### Task prompt:
Copy the following data exactly and drop the pictures.

### Dataset extract:
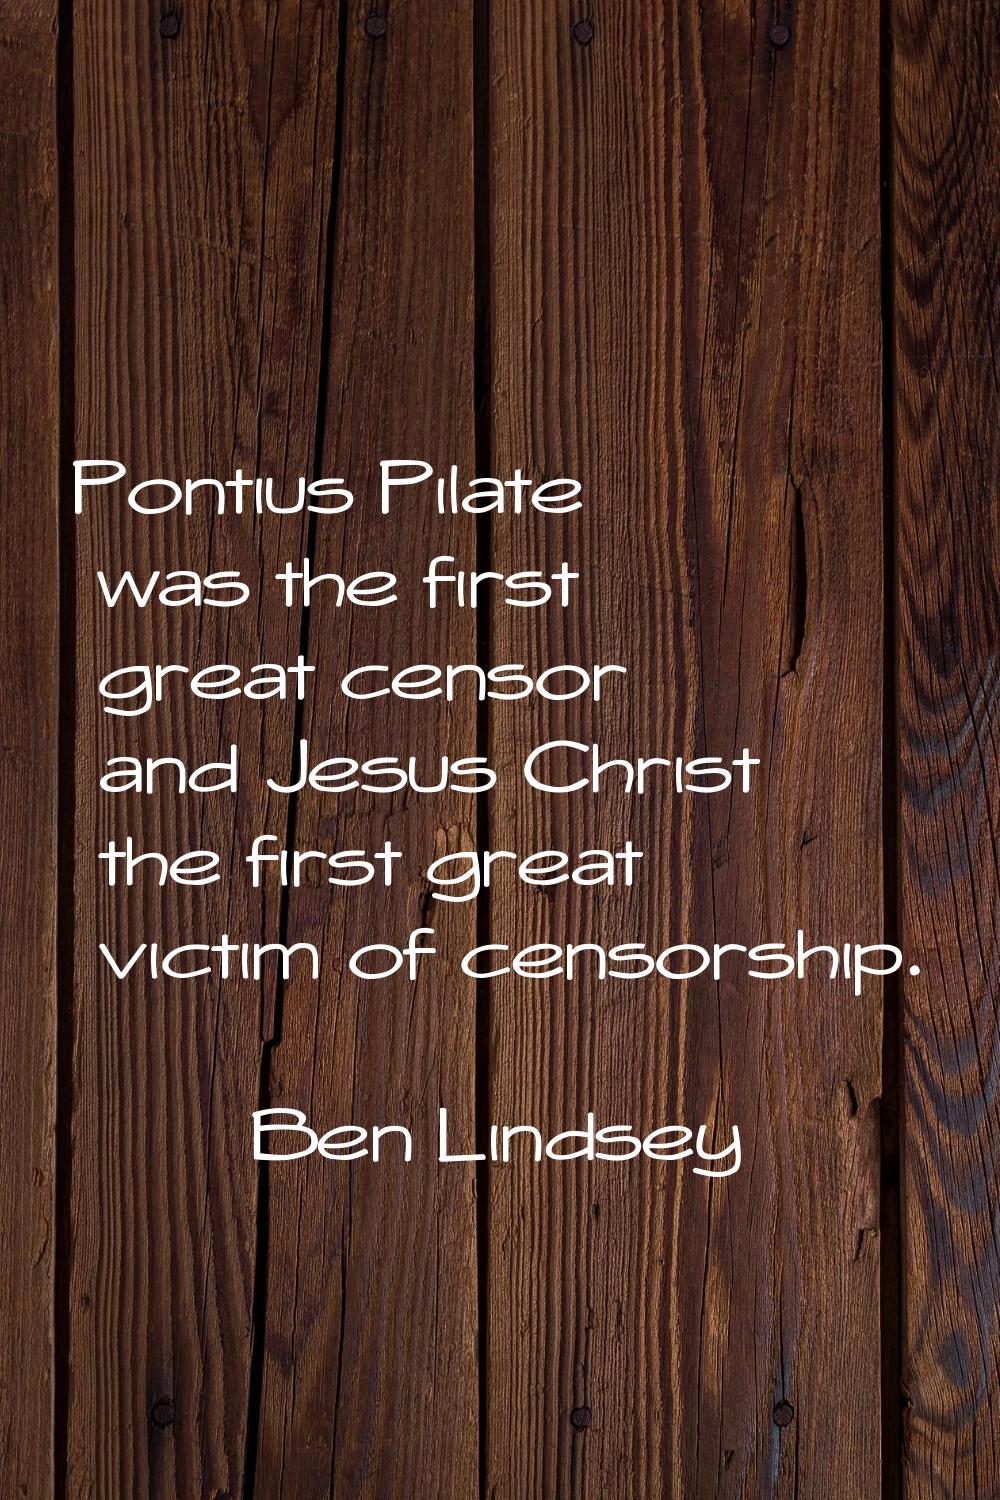 Pontius Pilate was the first great censor and Jesus Christ the first great victim of censorship.
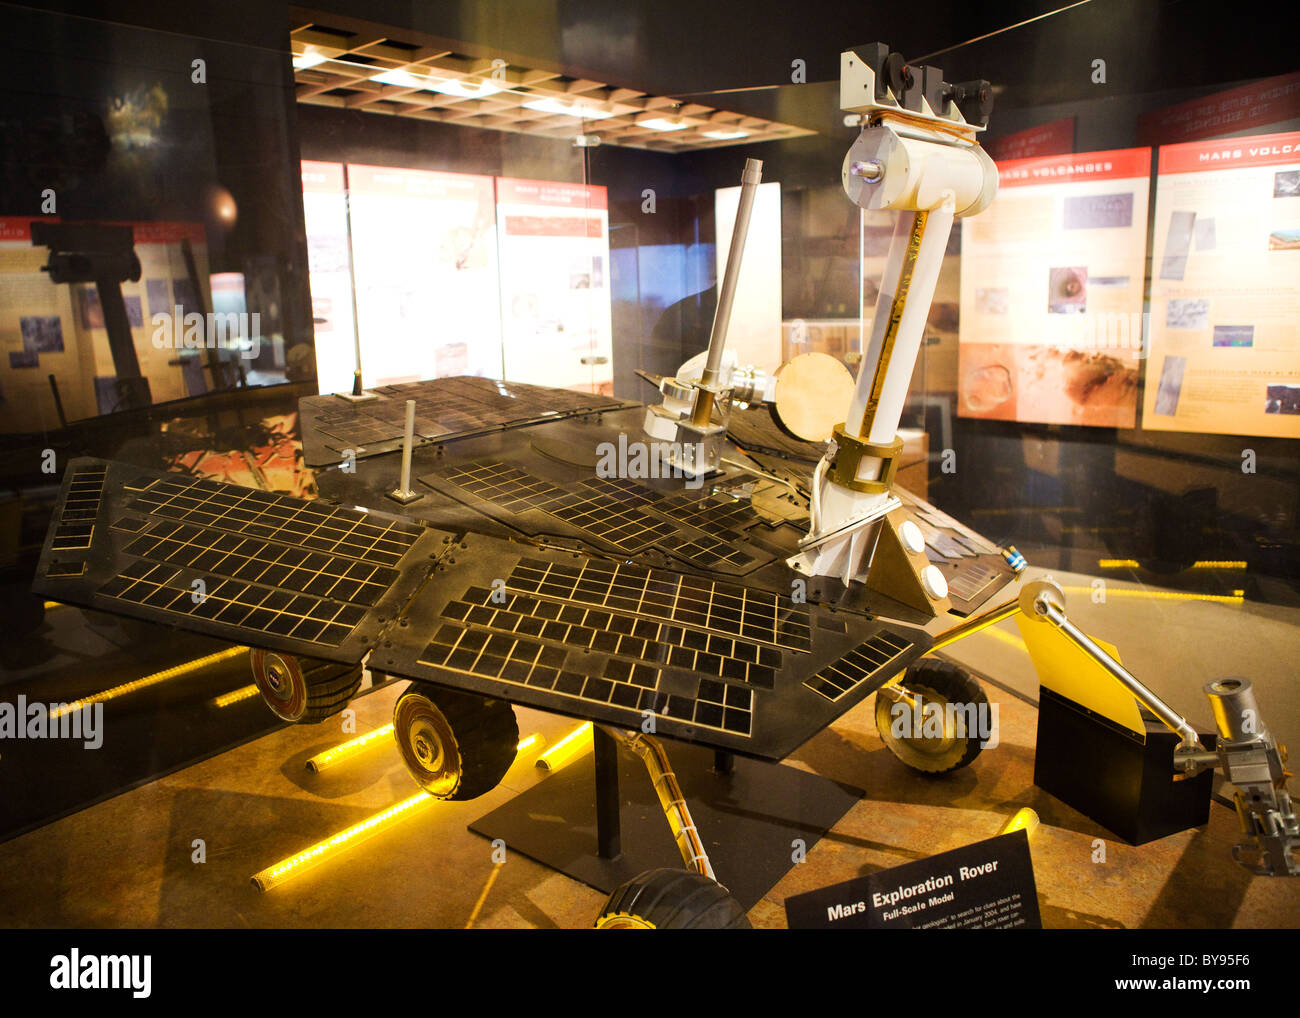 Full-Scale Modell des Mars Exploration Rover im Smithsonian angezeigt Stockfoto
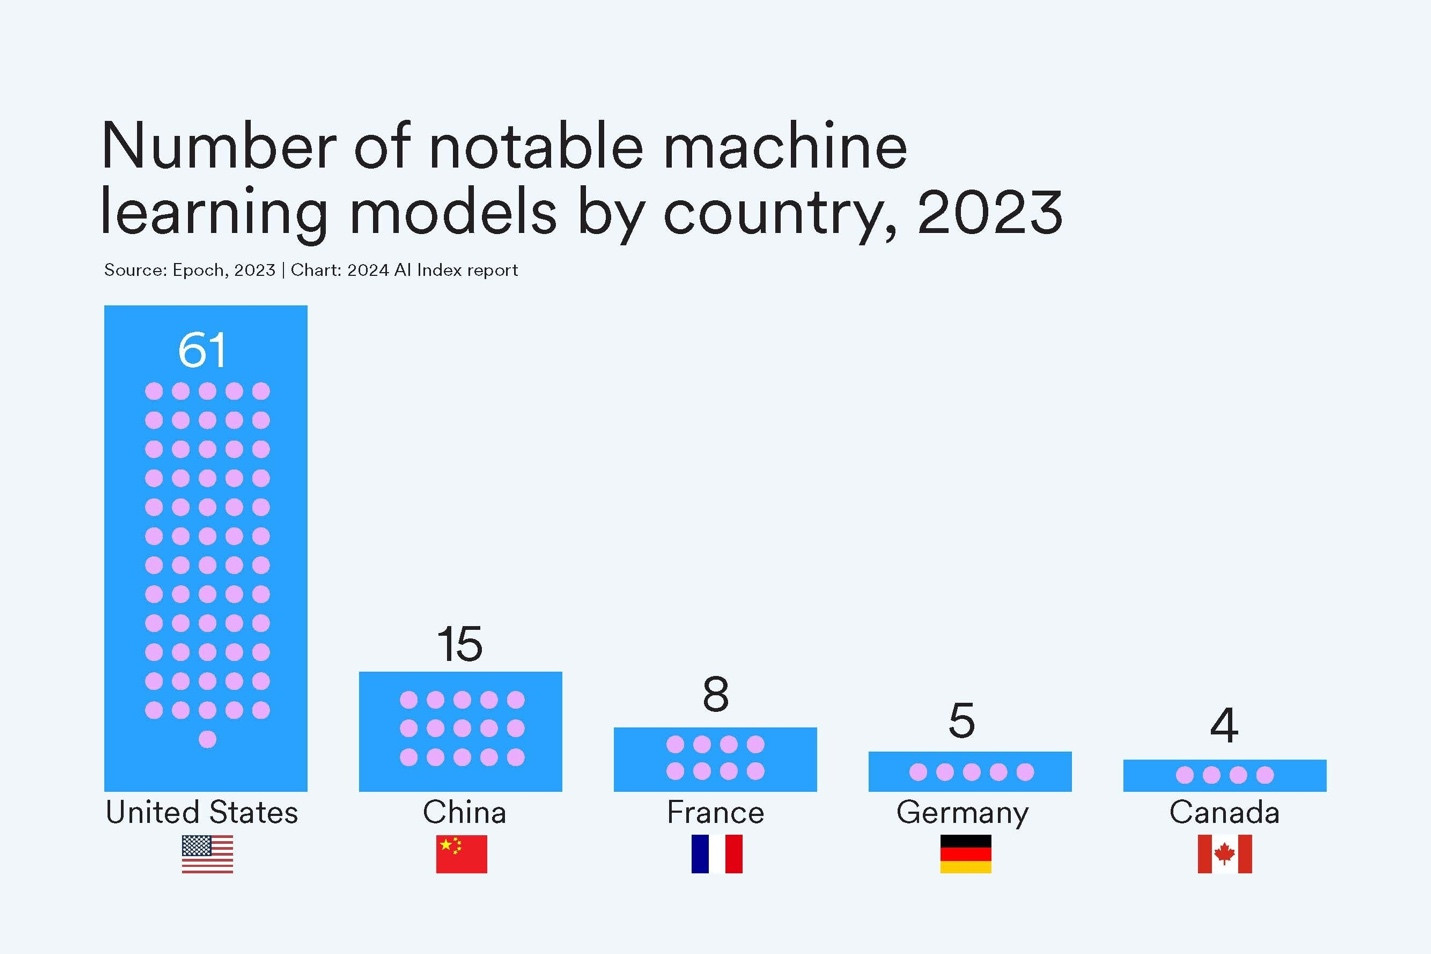 A graph showing the number of notable machine learning models launched by country in 2023

### Completed exercise:
 Pontius Pilate was the first great censor and Jesus Christ the first great victim of censorship.
 Full-Scale Modell des Mars Exploration Rover im Smithsonian angezeigt Stockfoto
 A graph showing the number of notable machine learning models launched by country in 2023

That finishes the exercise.